__Task__:
Transcribe the lines below exactly. No image belongs in the transcription.

__Dataset content__:
=== Begin Enclosure ===
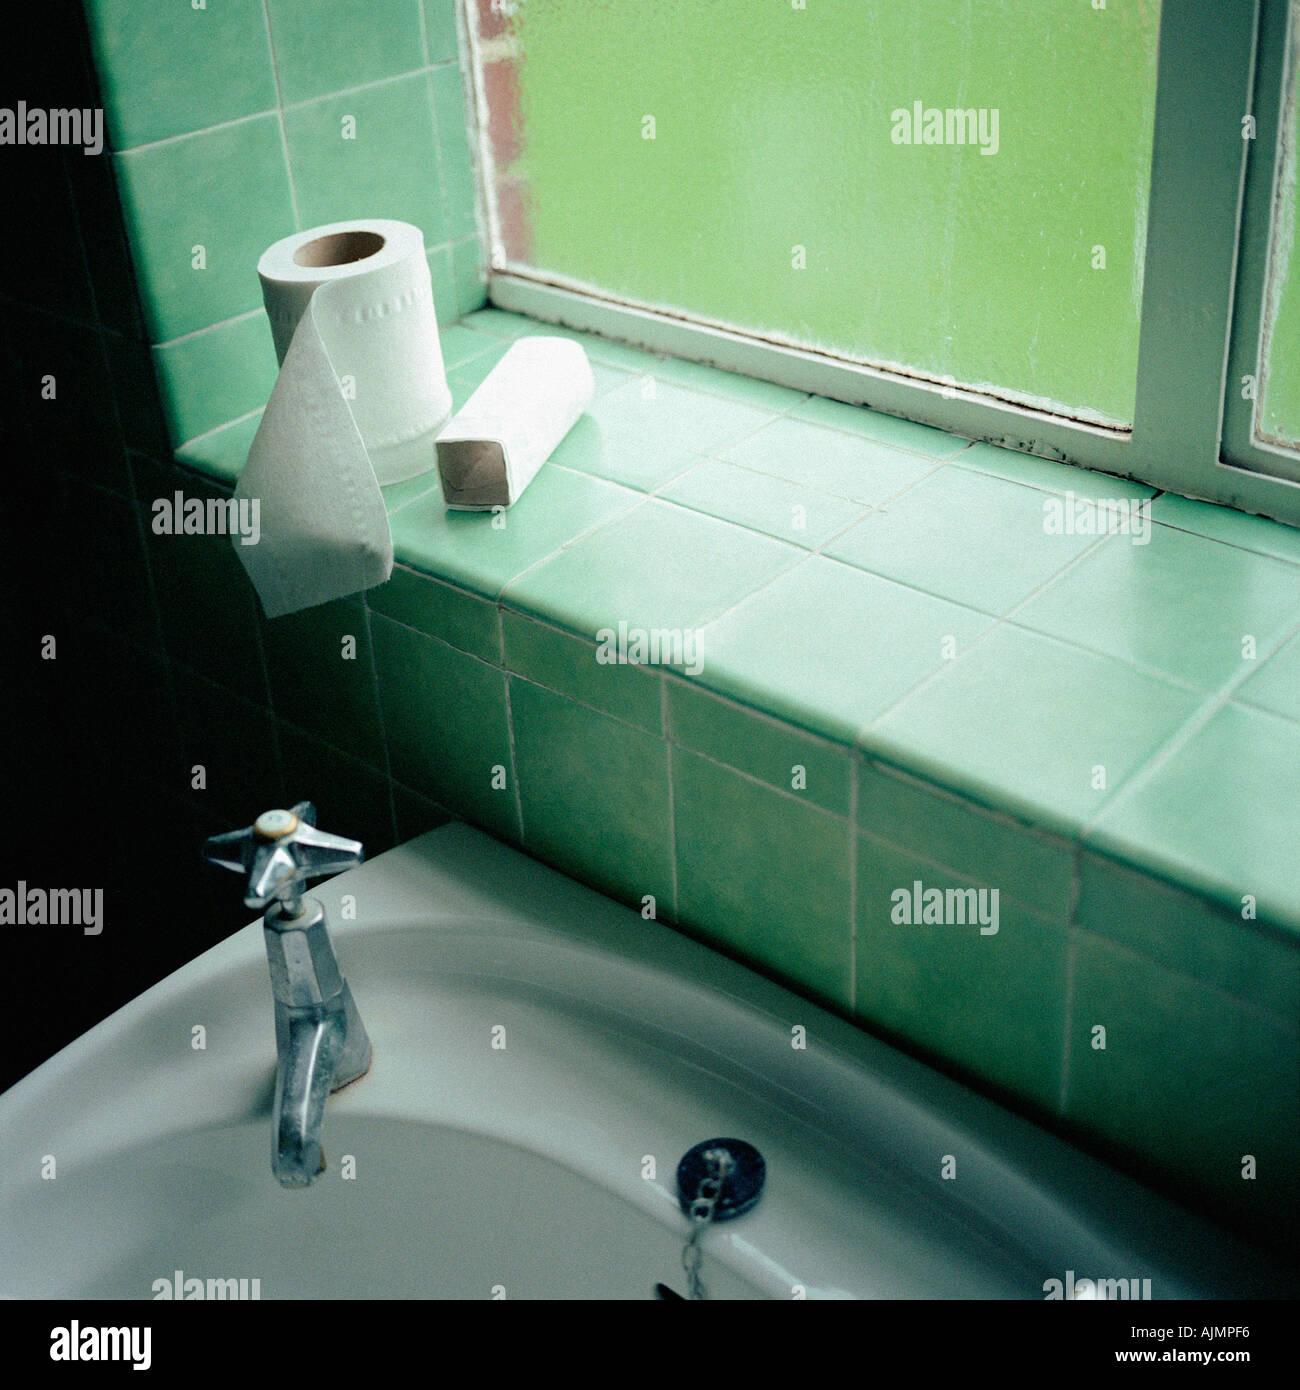 Bathroom Sink And Toilet Stock Photos & Bathroom Sink And Toilet ...
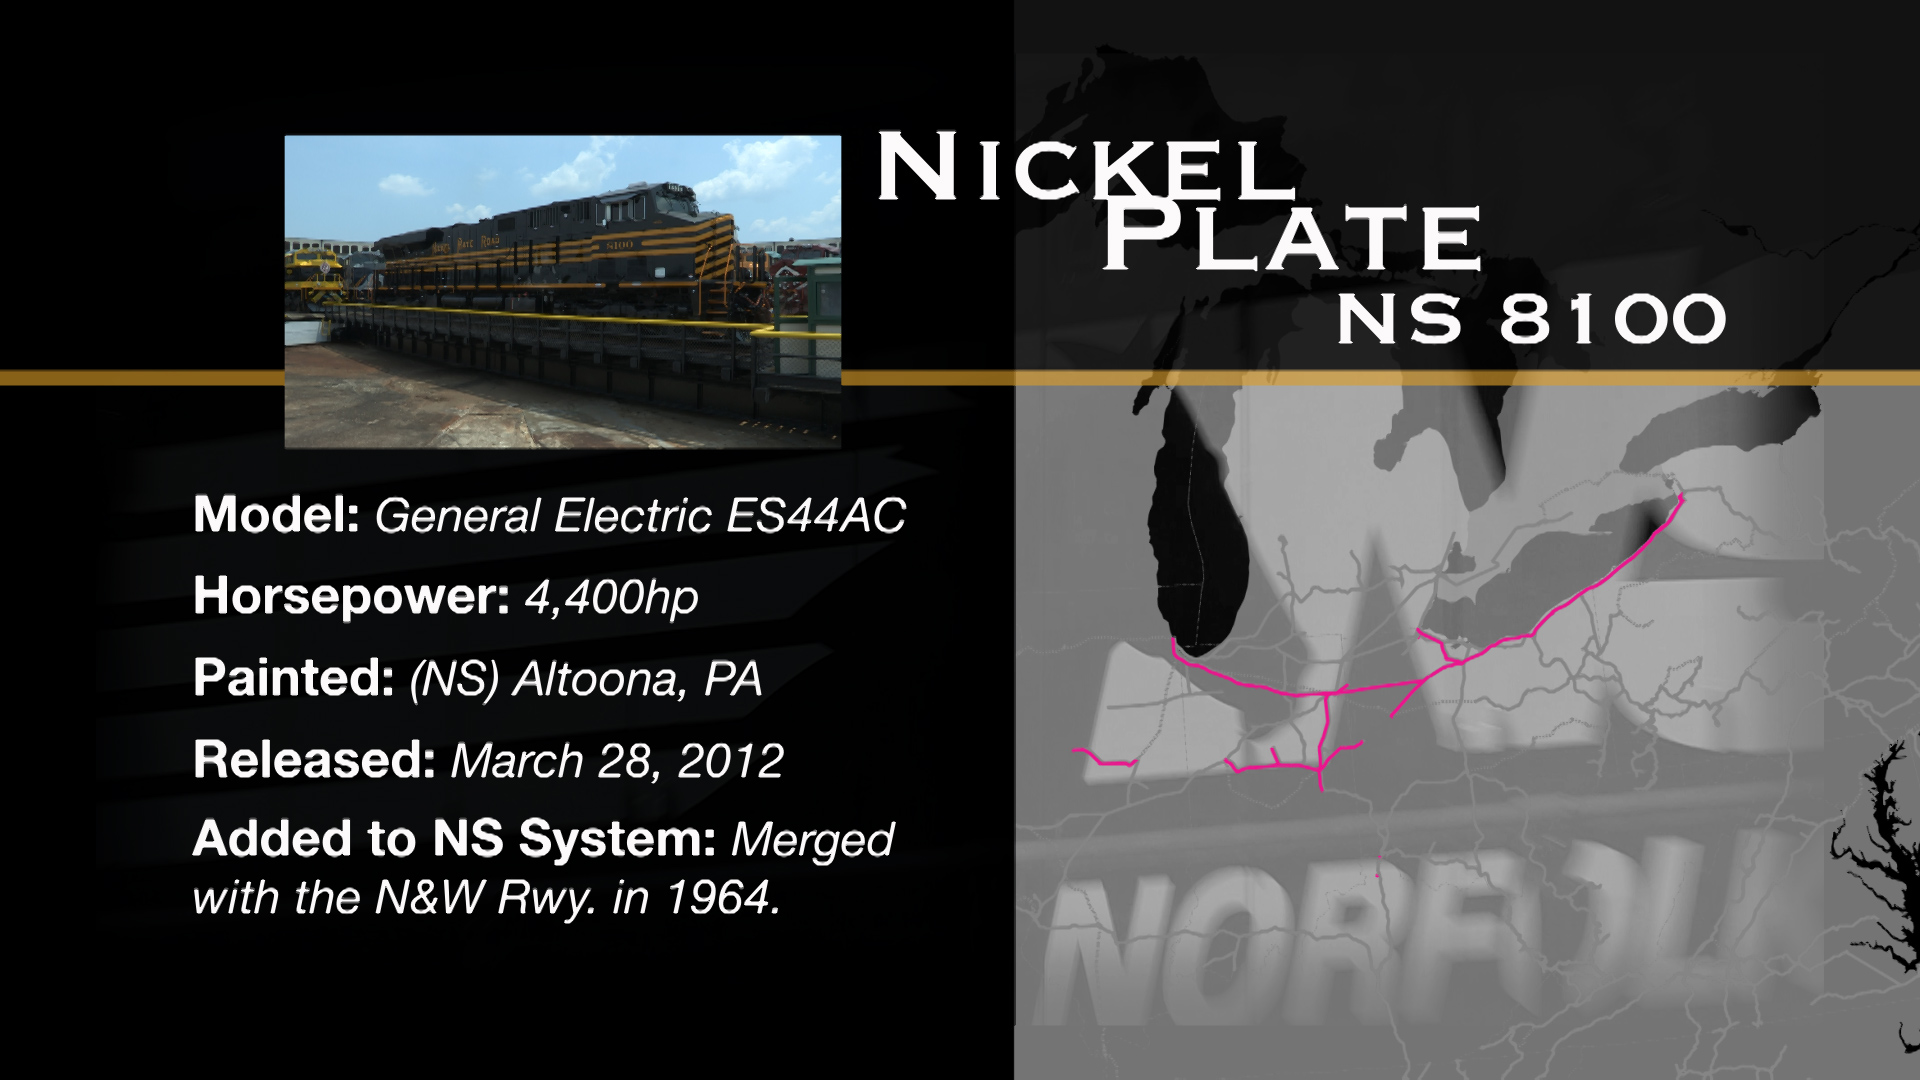 05 - Nickel Plate Intro Graphic.jpg
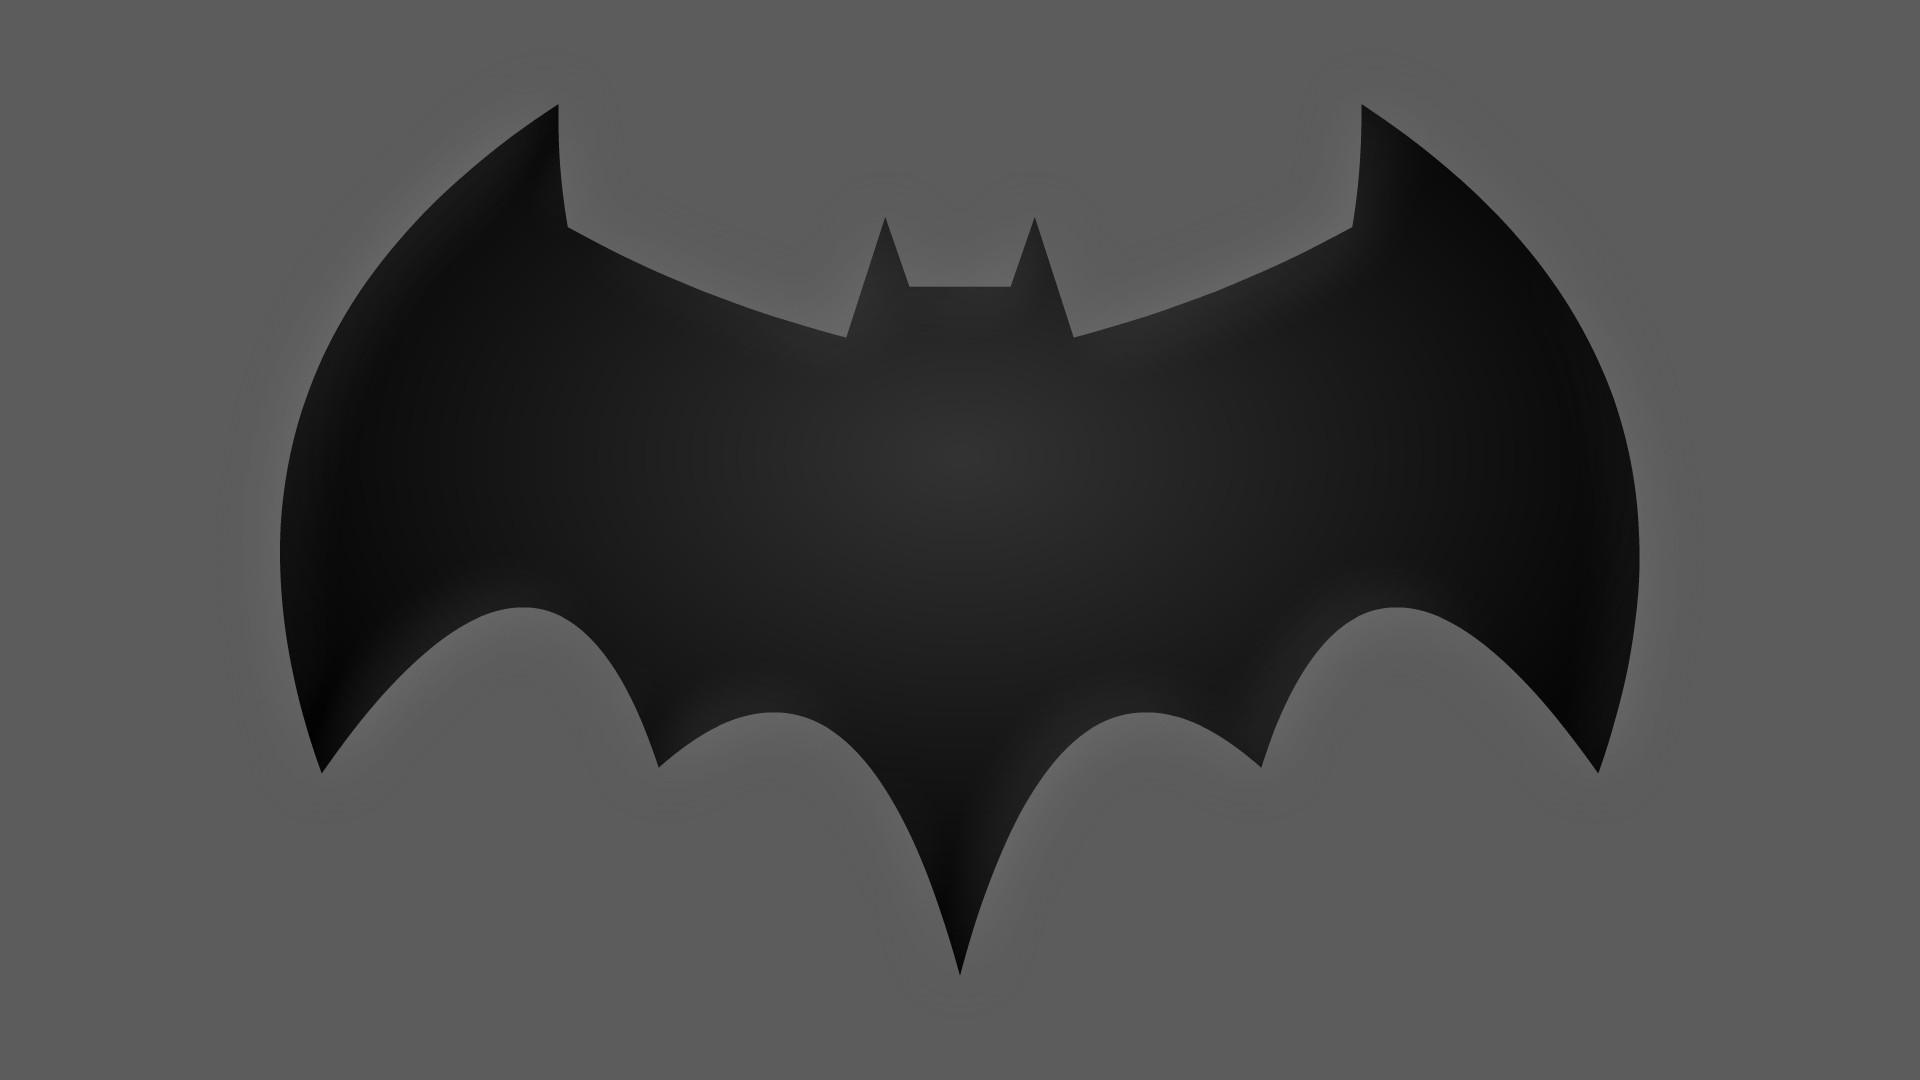 Telltale Batman Wallpaper?
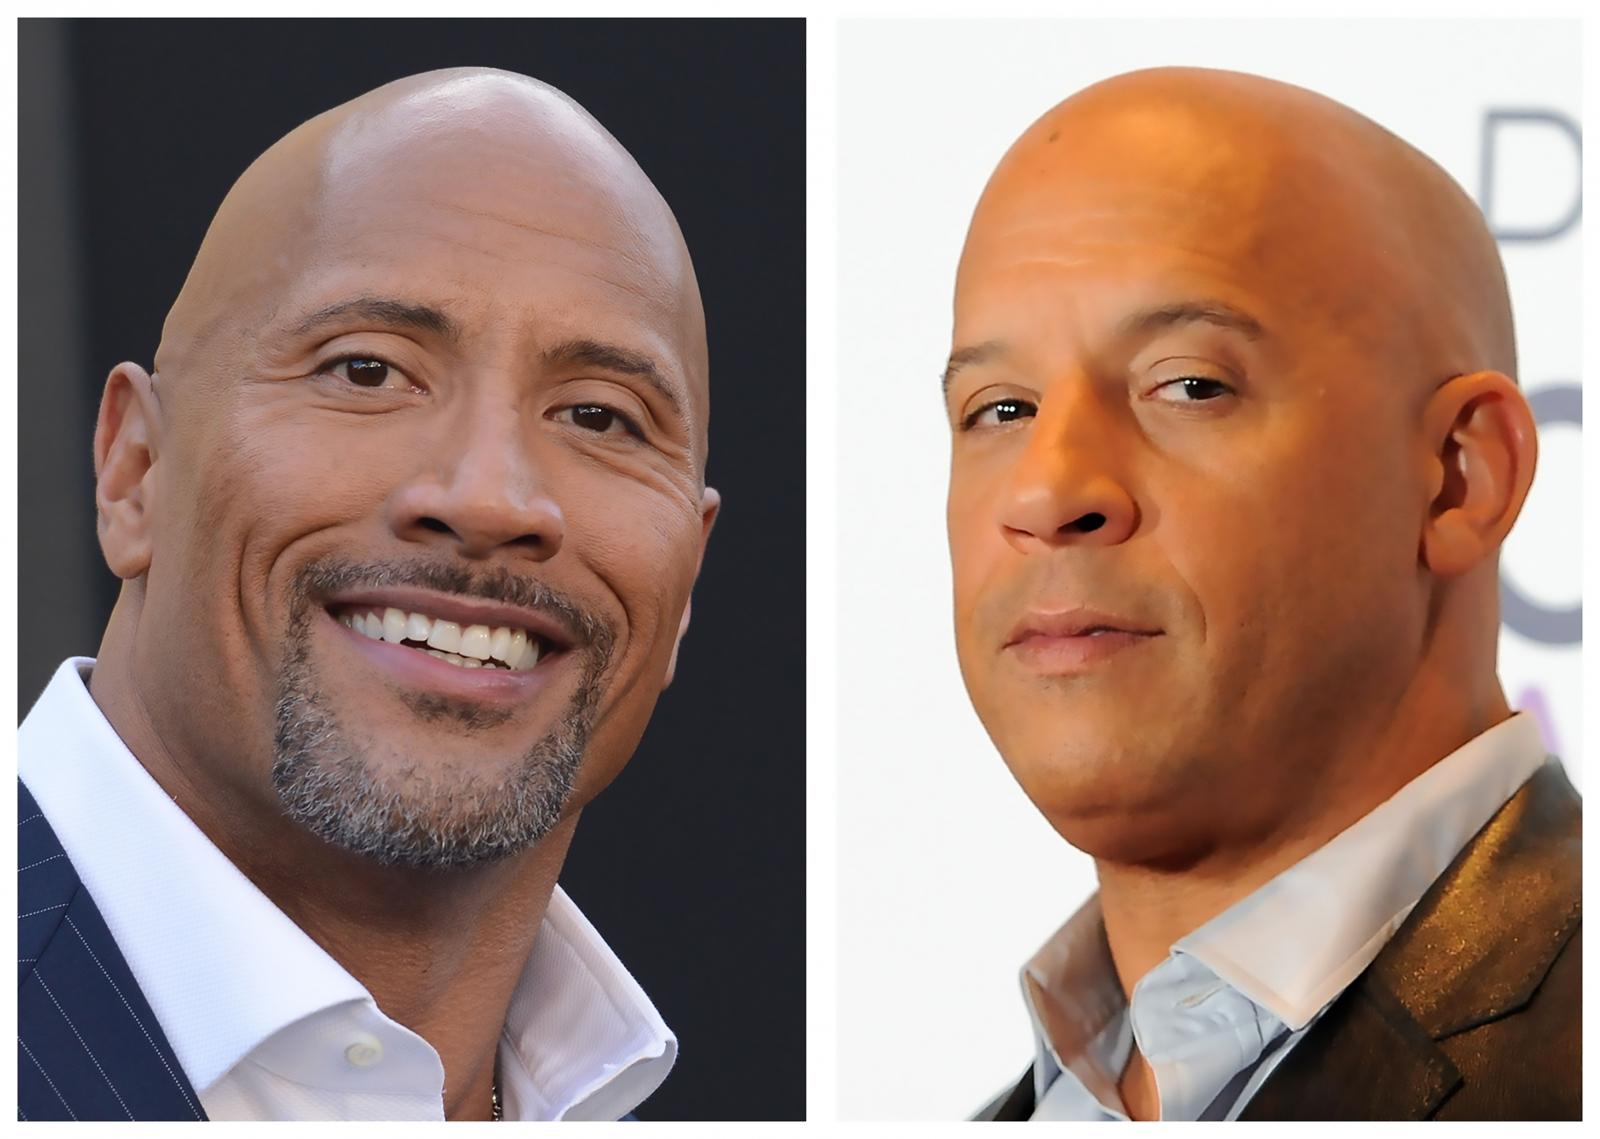 Dwayne Johnson and Vin Diesel
=== End Enclosure ===
__Exercise answer__:
 Bathroom Sink And Toilet Stock Photos & Bathroom Sink And Toilet ...
 05 - Nickel Plate Intro Graphic.jpg
 Telltale Batman Wallpaper?
 Dwayne Johnson and Vin Diesel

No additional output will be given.